- Updated user addition tasks across multiple playbooks (mcp_switchboard, mcpo, neo4j, neo4j_mcp, openwebui, postgresql, rabbitmq, searxng, smtp4dev) to replace references to ansible_user and remote_user with keeper_user. - Modified PostgreSQL deployment to create directories and manage files under keeper_user's home. - Enhanced documentation to clarify account taxonomy and usage of keeper_user in playbooks. - Introduced new deployment for Agent S, including environment setup, desktop environment installation, XRDP configuration, and accessibility support. - Added staging playbook for preparing release tarballs from local repositories. - Created templates for XRDP configuration and environment activation scripts. - Removed obsolete sunwait documentation.
22 KiB
Ansible Project Structure - Best Practices
This document describes the clean, maintainable Ansible structure implemented in the Agathos project. Use this as a reference template for other Ansible projects.
Overview
This structure emphasizes:
- Simplicity: Minimal files at root level
- Organization: Services contain all related files (playbooks + templates)

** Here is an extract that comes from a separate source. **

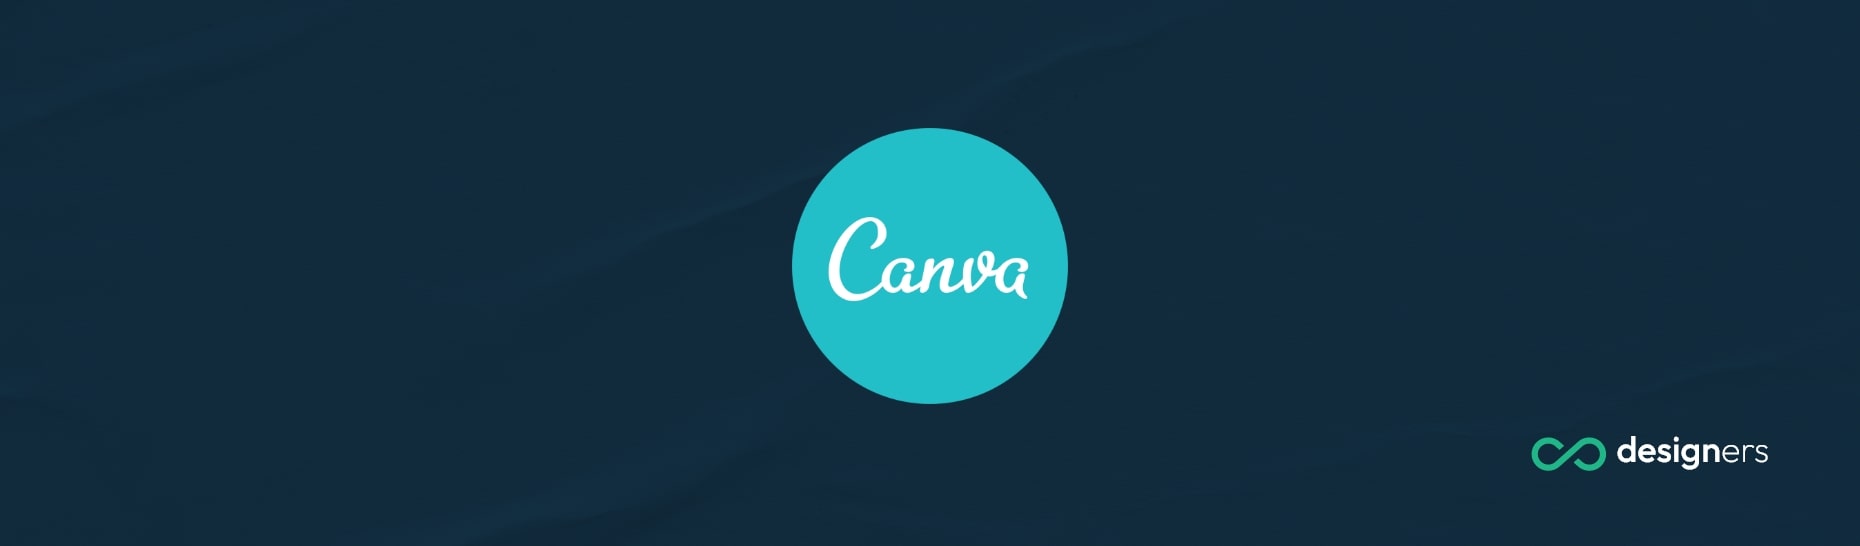 Does Canva Work on Google Chrome?

- Separation: Variables live in dedicated files, not inline in inventory
- Discoverability: Clear naming and logical grouping
Directory Structure
ansible/
├── ansible.cfg # Ansible configuration
├── .vault_pass # Vault password file
│
├── site.yml # Master orchestration playbook
├── apt_update.yml # Utility: Update all hosts
├── sandbox_up.yml # Utility: Start infrastructure
├── sandbox_down.yml # Utility: Stop infrastructure
│
├── inventory/ # Inventory organization
│ ├── hosts # Simple host/group membership
│ │
│ ├── group_vars/ # Variables for groups
│ │ └── all/
│ │ ├── vars.yml # Common variables
│ │ └── vault.yml # Encrypted secrets
│ │
│ └── host_vars/ # Variables per host
│ ├── hostname1.yml # All vars for hostname1
│ ├── hostname2.yml # All vars for hostname2
│ └── ...
│
└── service_name/ # Per-service directories
├── deploy.yml # Main deployment playbook
├── stage.yml # Staging playbook (if needed)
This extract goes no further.